Thread: optimisation for a table with frequently used query
Hi, I have a table that looks like this: CREATE TABLE my_table { id SERIAL PRIMARY KEY, id_1 INTEGER REFERENCES tab1(id), id_2 INTEGER REFERENCES tab2(id), . . . }; I will often be running queries that look like SELECT * from my_table where id_1 = x and id_2 = y; Neither id_1 or id_2 or the combination of them is unique. I expect this table to become large over time. What can I do to help postgres run this query efficiently (if anything)? Apologies if this is a "RTFM" question - I looked but did not find. Could be I didn't look hard enough ... thanks in advance Daniel
> SELECT * from my_table where id_1 = x and id_2 = y; > > Neither id_1 or id_2 or the combination of them is unique. I expect > this table to become large over time. Create an index on (id_1, id_2), or (id_2,id_1).
Thanks!
danmcb wrote: >> SELECT * from my_table where id_1 = x and id_2 = y; >> Neither id_1 or id_2 or the combination of them is unique. I expect >> this table to become large over time. PFC wrote: > Create an index on (id_1, id_2), or (id_2,id_1). What are the strengths and weaknesses compared to creating two indexes, one on each column? I am guessing that changes to the table are slower with two indexes. How could it affect queries? What if the typical query pattern was more balanced among constraints on one column, on the other, and on both? -- Lew
> -----Original Message----- > From: pgsql-general-owner@postgresql.org [mailto:pgsql-general- > owner@postgresql.org] On Behalf Of Lew > Sent: Tuesday, May 29, 2007 6:38 AM > To: pgsql-general@postgresql.org > Subject: Re: [GENERAL] optimisation for a table with frequently used query > > danmcb wrote: > >> SELECT * from my_table where id_1 = x and id_2 = y; > >> Neither id_1 or id_2 or the combination of them is unique. I expect > >> this table to become large over time. > > PFC wrote: > > Create an index on (id_1, id_2), or (id_2,id_1). > > What are the strengths and weaknesses compared to creating two indexes, > one on > each column? Creating one index on each column will not do nearly so much filtering as creating one index that contains both columns (unless by chance the data always comes in pairs). The only time that there might be an advantage is if your query contains only one of the two columns for filtering. If the missing column is the most significant from a two column index, then the two column index won't be used. > I am guessing that changes to the table are slower with two indexes. How > could it affect queries? It will slow down update queries. The more indexes you add, the slower update queries become. > What if the typical query pattern was more balanced among constraints on > one > column, on the other, and on both? Collect some statistics to reduce guesswork.

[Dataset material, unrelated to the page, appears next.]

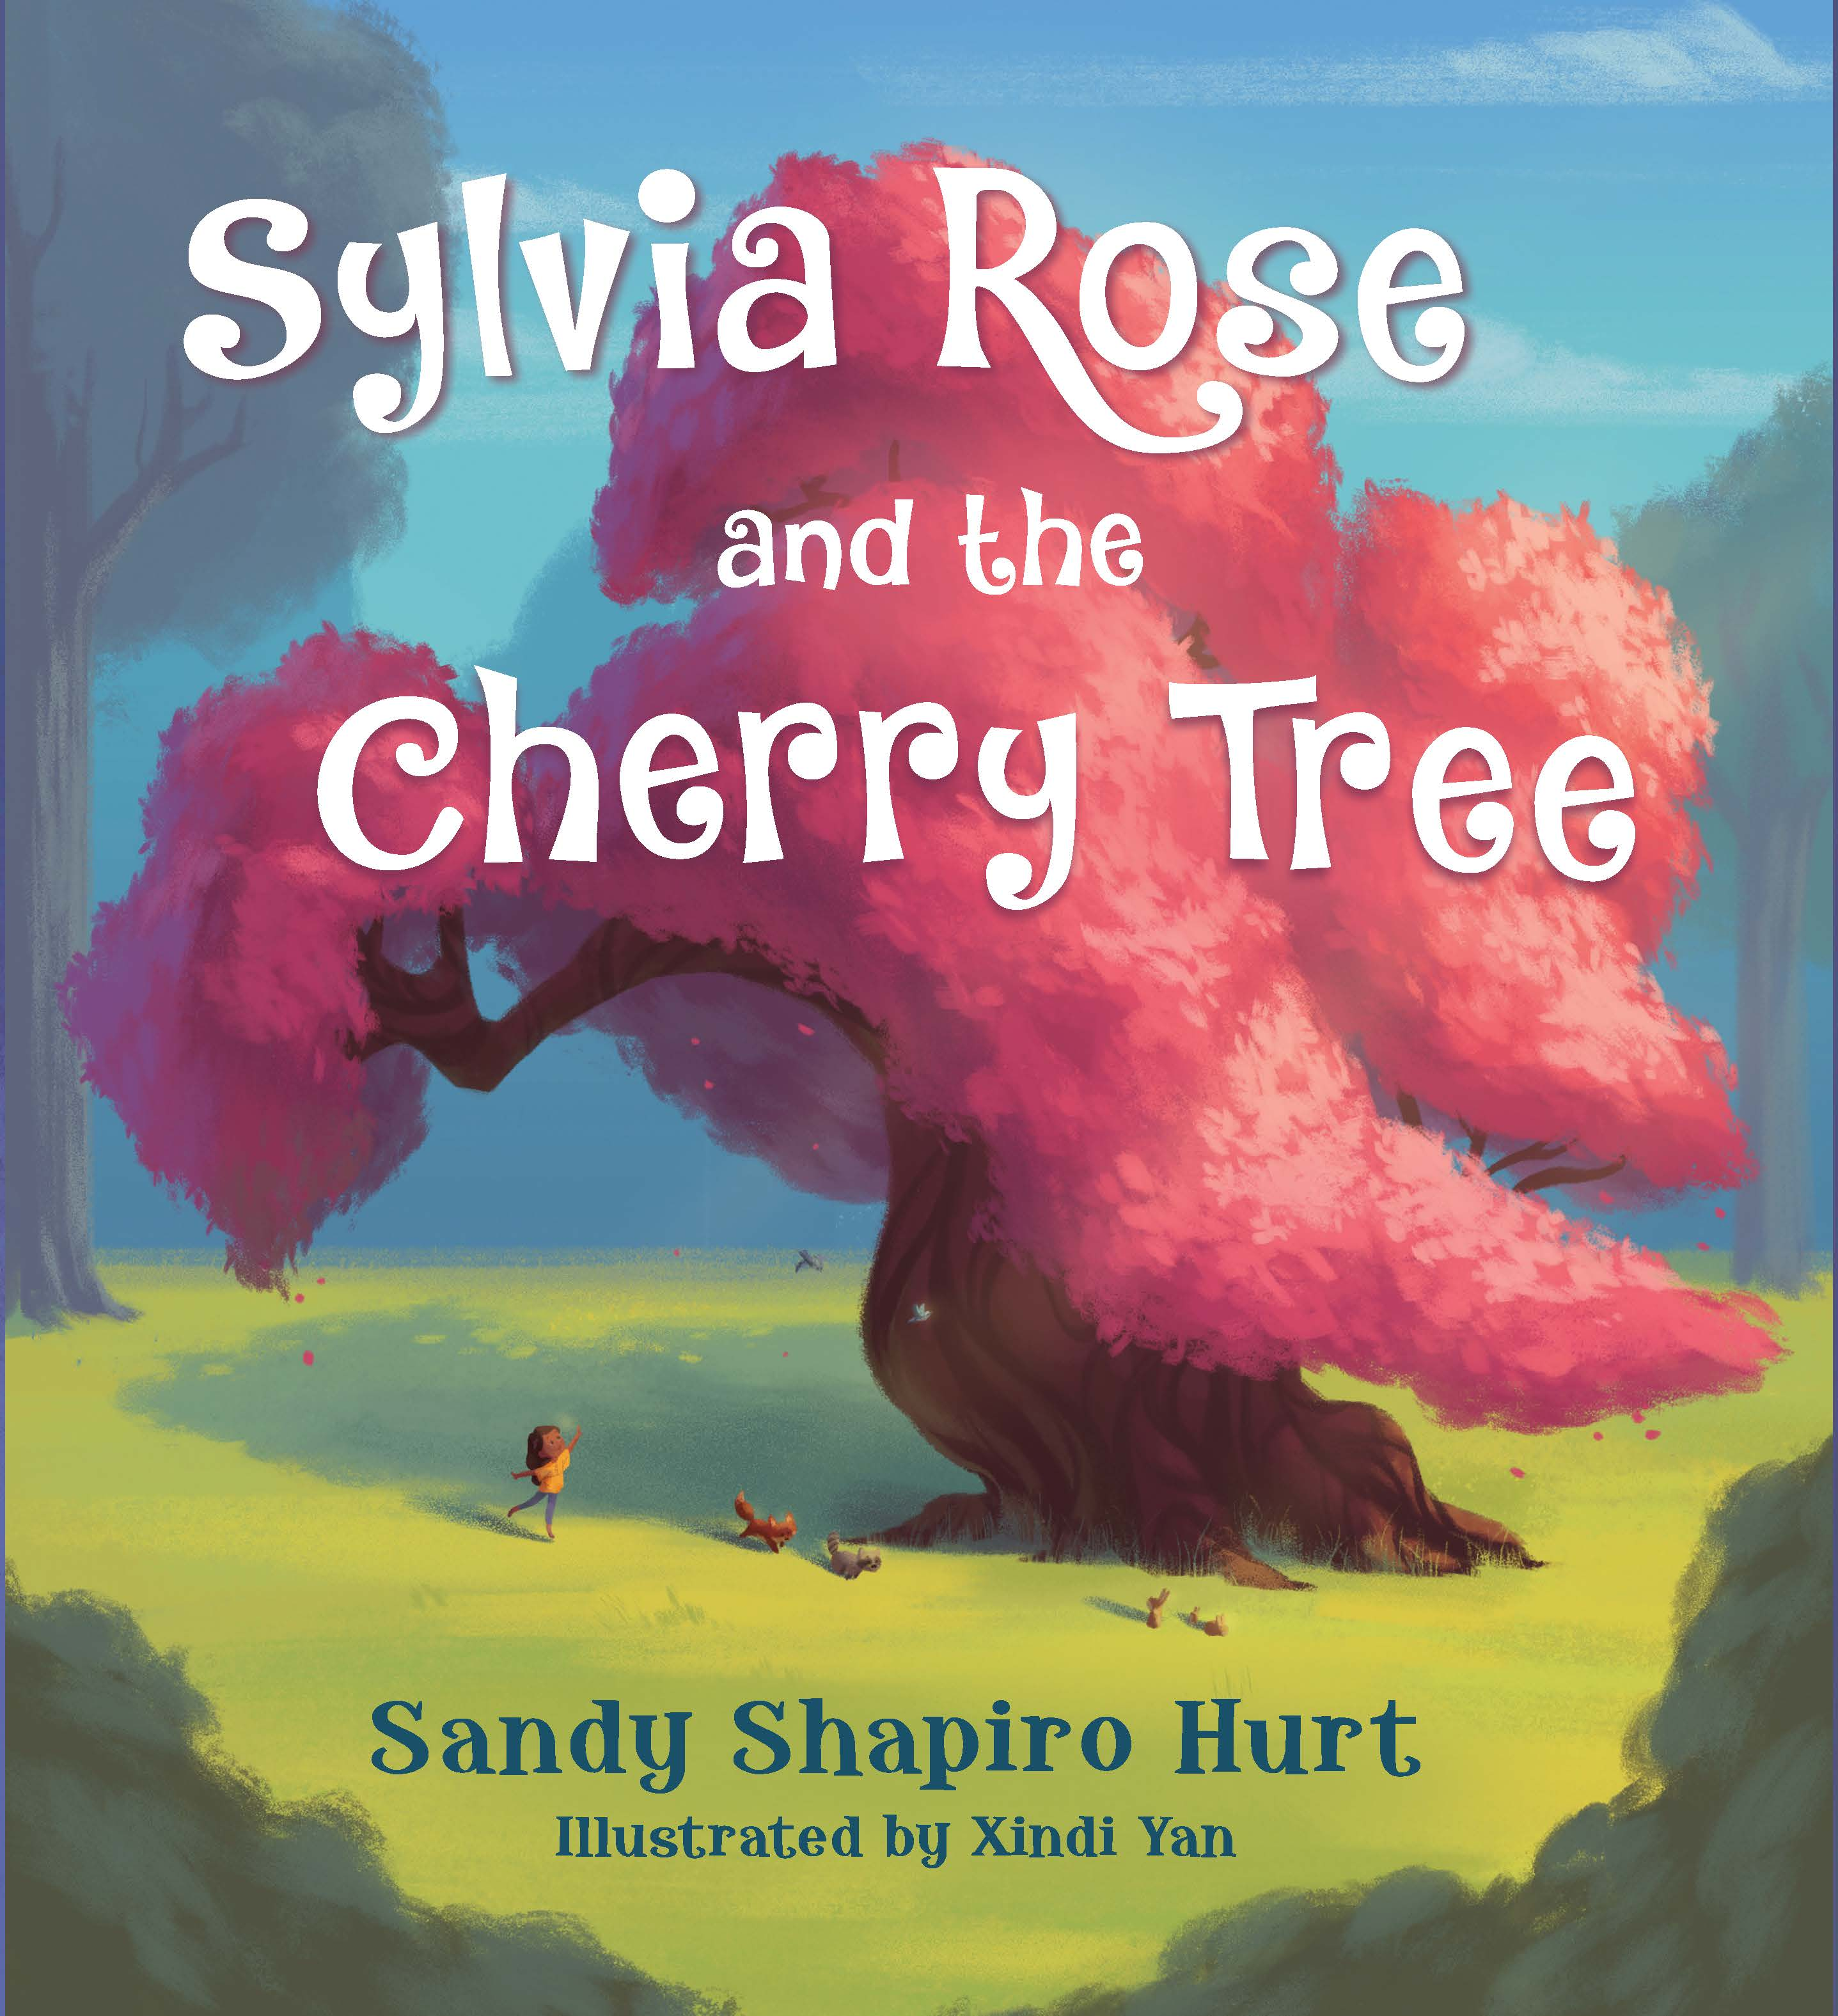 Sunday Story Time with Sandy Shapiro-Hurt & Xindi Yan (Author & Illustrator of Sylvia Rose and the Cherry Tree)

I just did some checks on two seperate indexes c.f. one combined one. I saw almost no difference between making select statements. Haven't tried what happens with many updates - makes sense that more indexes will slow that down though. again thanks - bit of a noob question I know, but it's good to learn :-)
> again thanks - bit of a noob question I know, but it's good to > learn :-) Well not really since the answer is quite subtle... You kave two columns A and B. Say you have index on A, and index on B. These queries will make direct use of the index : A=... or any range on A (BETWEEN <, >, <=, >= etc ) B=... or any range on B (BETWEEN <, >, <=, >= etc ) Now if you ask for (A=... AND B=...) or ask for (A=... OR B=...) one index cannot be used, so postgres uses a bitmap scan to combine the indexes (read the docs). It is slightly slower than a direct index scan, but still much faster than not using indexes at all. If you had an index on A,B it would have been used directly. If one of the two indexes has very poor selectivity (like just a few different values), bitmap scan will not be optimal. If your indexes have lots of different values, it will be about as fast as a real index. An index on A,B can also do WHERE A=... ORDER BY A,B without actually doing the sort (it will pick the rows in index order), which is nice for many things, like getting blog comments in order.